The first is: I’m not convinced it really works that well. It certainly does on tasks that require an extremely diverse set of features. Tasks like image generation and large language models are a good examples. Stable Diffusion, DALL-E, and all of the very impressive demos of huge transformer-based models are amazing at their task, but it sometimes seems that their main task is to make transformer-based models look amazing. Maybe that’s just because I generally work in a field with highly specialized tasks, such as “mitosis counting” or “tumour grading”, where it’s a lot more useful to combine very reliable models focused on very narrow, well-defined tasks rather than trying to have a model moderately successful at many different tasks. Transformers and pre-trained networks are widely used there as well, but they haven’t really demonstrated a clear benefit over well-designed, targeted models.

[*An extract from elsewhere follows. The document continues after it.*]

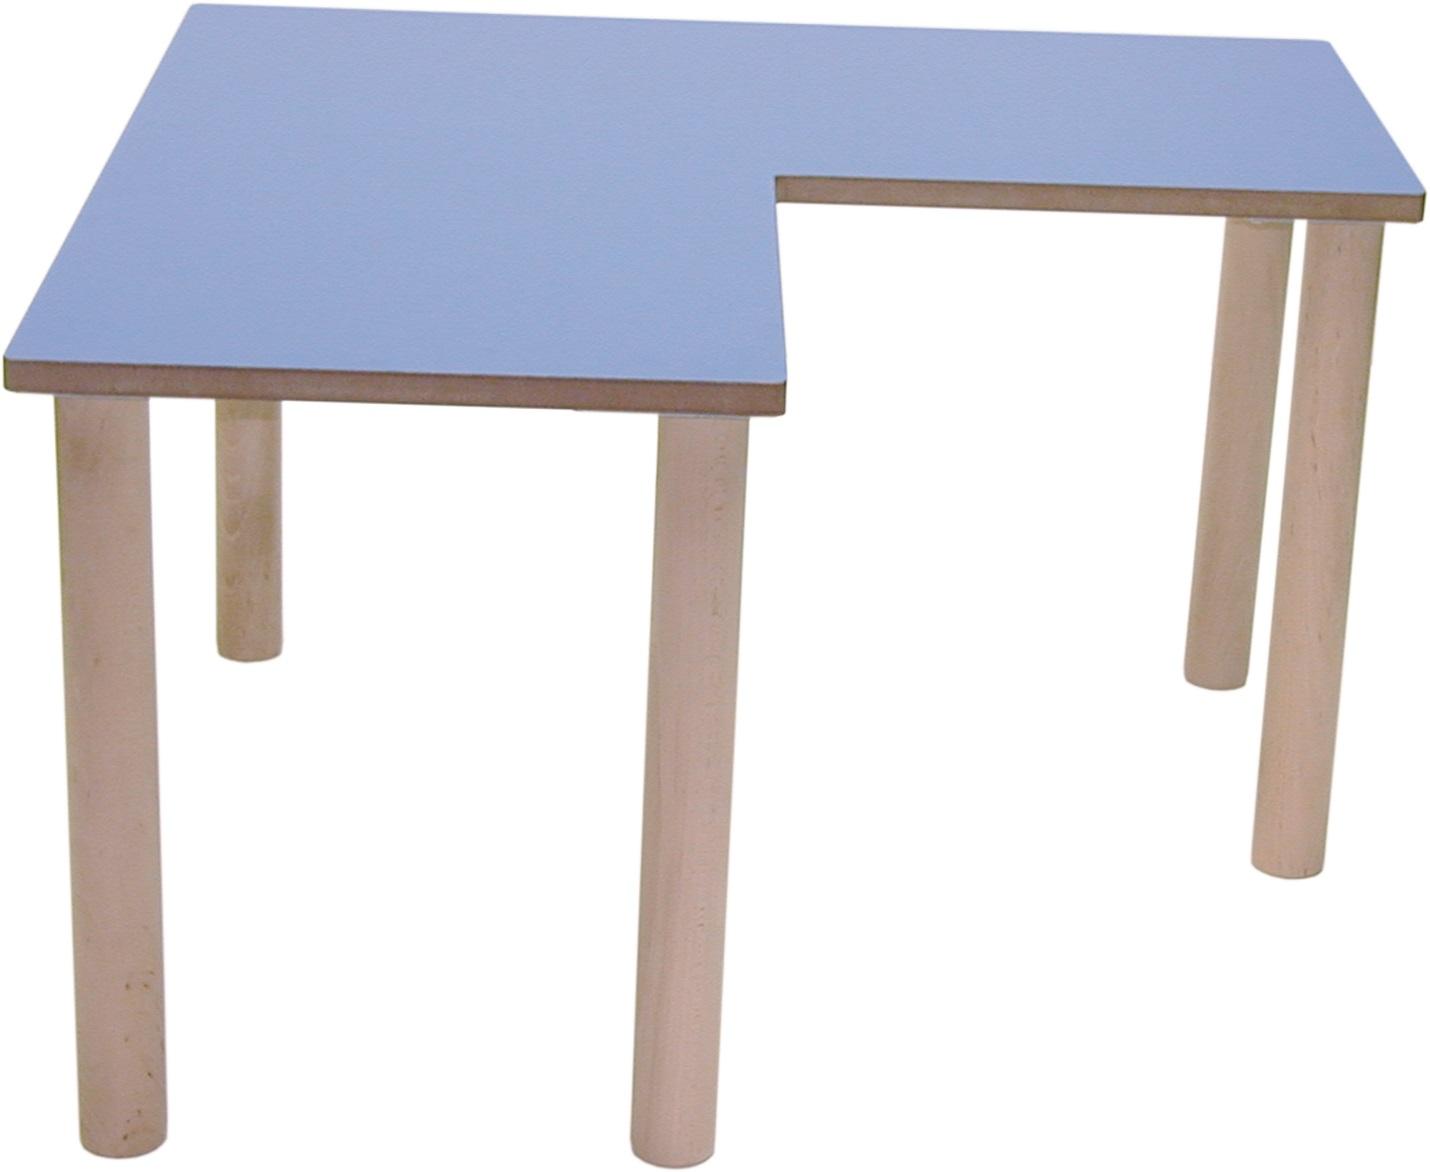 Mesa l guay mobiliario infantil escolar guarderias madera - Mesas infantiles madera ...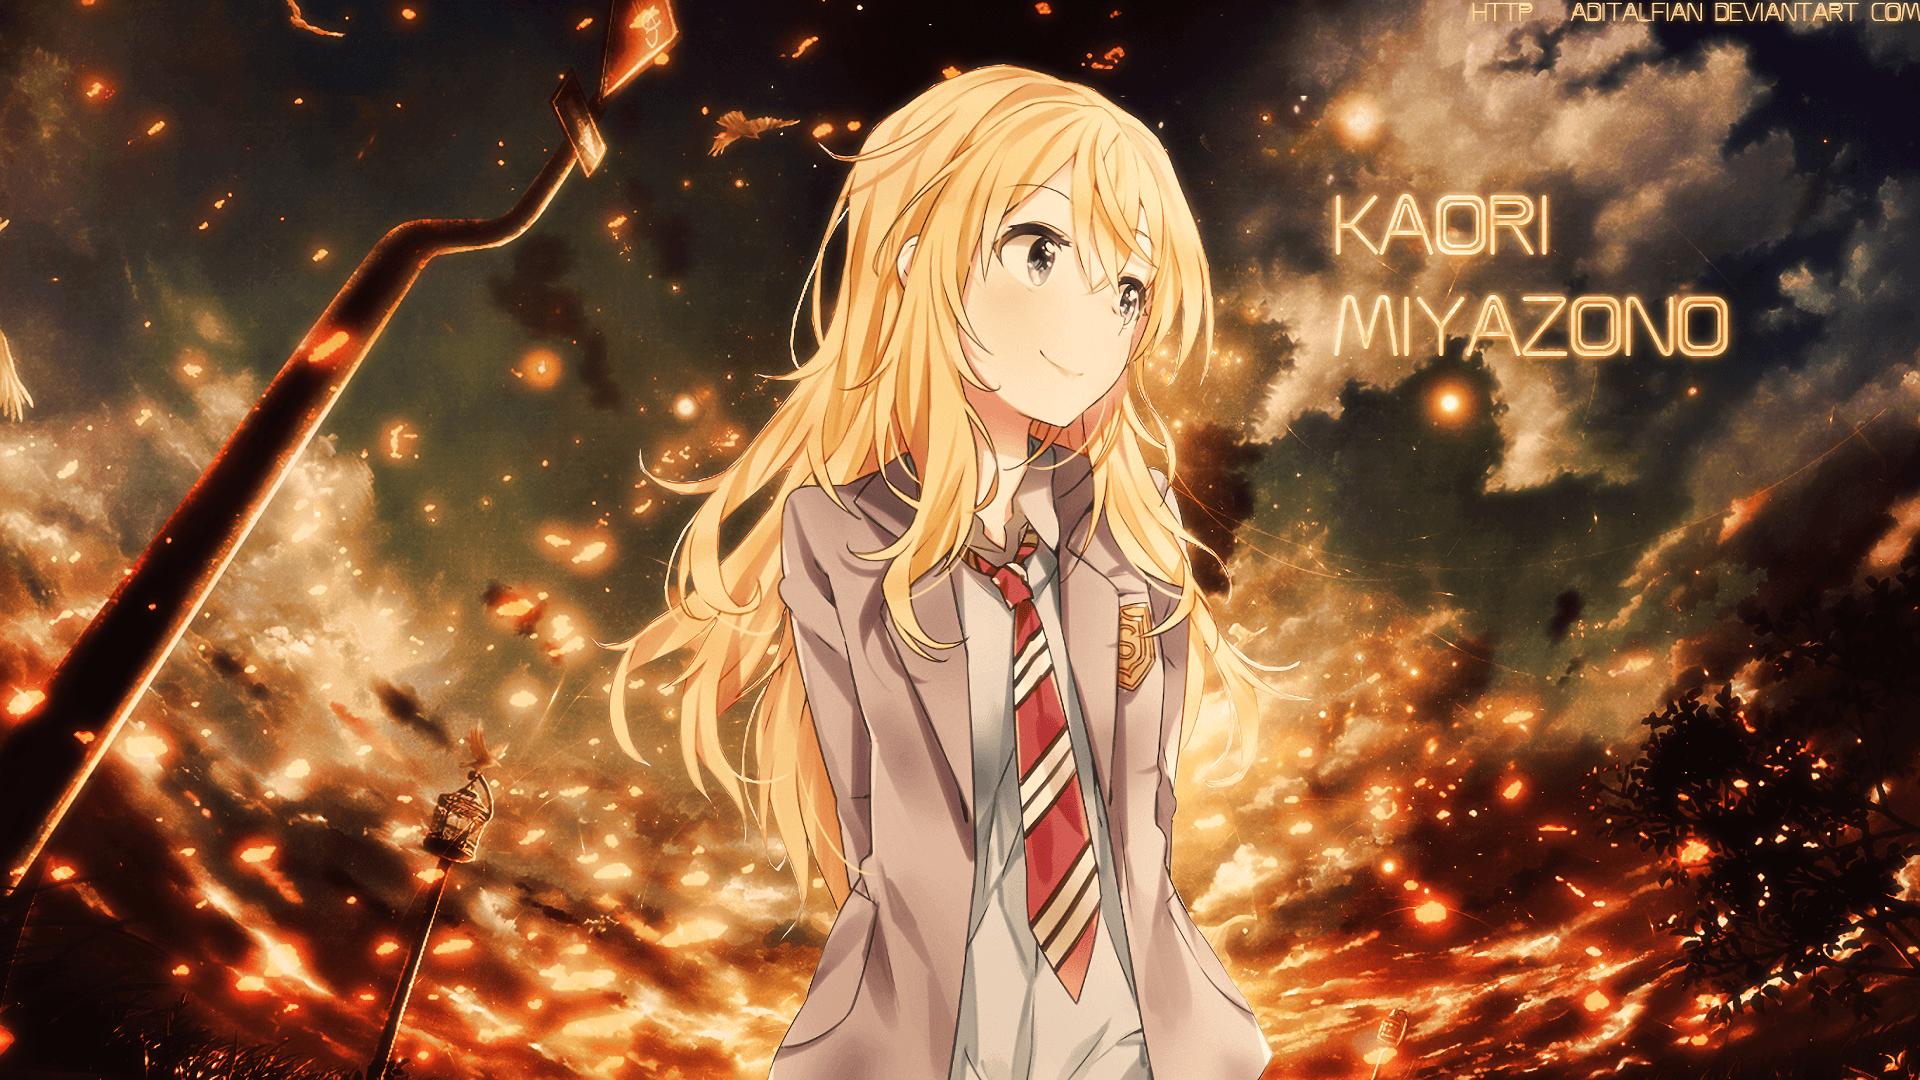 Cool Kaori Miyazono Wallpaper

The second reason I don’t like this trend is that we are centralizing AI research into the hands of a few key players. These very large, very complex models require huge amount of resources, way beyond what’s possible with consumer-grade GPUs. That means that training those models is typically done on large clusters, powered by Amazon’s AWS, Microsoft’s Azure, or Google Cloud. Widespread use of transformers [3] (or vision transformers, etc.) brings more clients to the big cloud providers. Who are, at the same time, driving a lot of the current research and setting the state-of-the-art. Transformers where introduced by a Google team. DALL-E is from OpenAI, with heavy links with Microsoft. Should we see a conspiracy by Google and Microsoft to drive AI research towards paradigms that allow them to centralize all AIs in their clouds? I don’t think it’s as intentional as that (and certainly some Google researchers like François Chollet are speaking out against the waste of resources [4]). What I do think is that the focus on benchmarks such as ImageNet as a measure of the state-of-the-art has falsely given the impression that super-large models where the only way forward, and that there is no incentive for Google or Microsoft (or even Meta, who has plenty of computational resources available to them) to look much further than that.
The extent to which some folks in deep learning research waste entire datacenter-months of computational resources to produce nothing but hot air is just so sad. It's like watching a macaque smear expensive oil paint on thousands of pristine linen canvases.
François Chollet [@fchollet on Twitter]
The third and final reason is becoming even more obvious in the face of climate change and the current energy crisis: this is all very wasteful. I cannot see how using hundreds of thousands of GPU hours to find just the right hyperparameters that make a model gain a fraction of a percent on some general-purpose benchmark is a good use of our limited supplies of energy.
I understand the temptation to go big. Given what deep learning algorithms can do, it sometimes seems like “true” AI is right around the corner. If we just give it a bit more power, a bit more depth, a few billion parameters more... But I don’t think that’s going to work. And I don’t think that’s what we need AI to do right now.
In medical image analysis, the key challenge, in my opinion, is not in designing bigger, more complex networks, but in creating better datasets, clinically relevant tasks, and evaluation methods, in the absence of a clear, definitive ground truth (for more on that, see my PhD thesis [5]!). Other fields will have their own, sometimes similar, challenges. Challenges that won’t be solved by blindly applying huge models, but by actually focusing on the practical applications of those models outside of controlled benchmarks.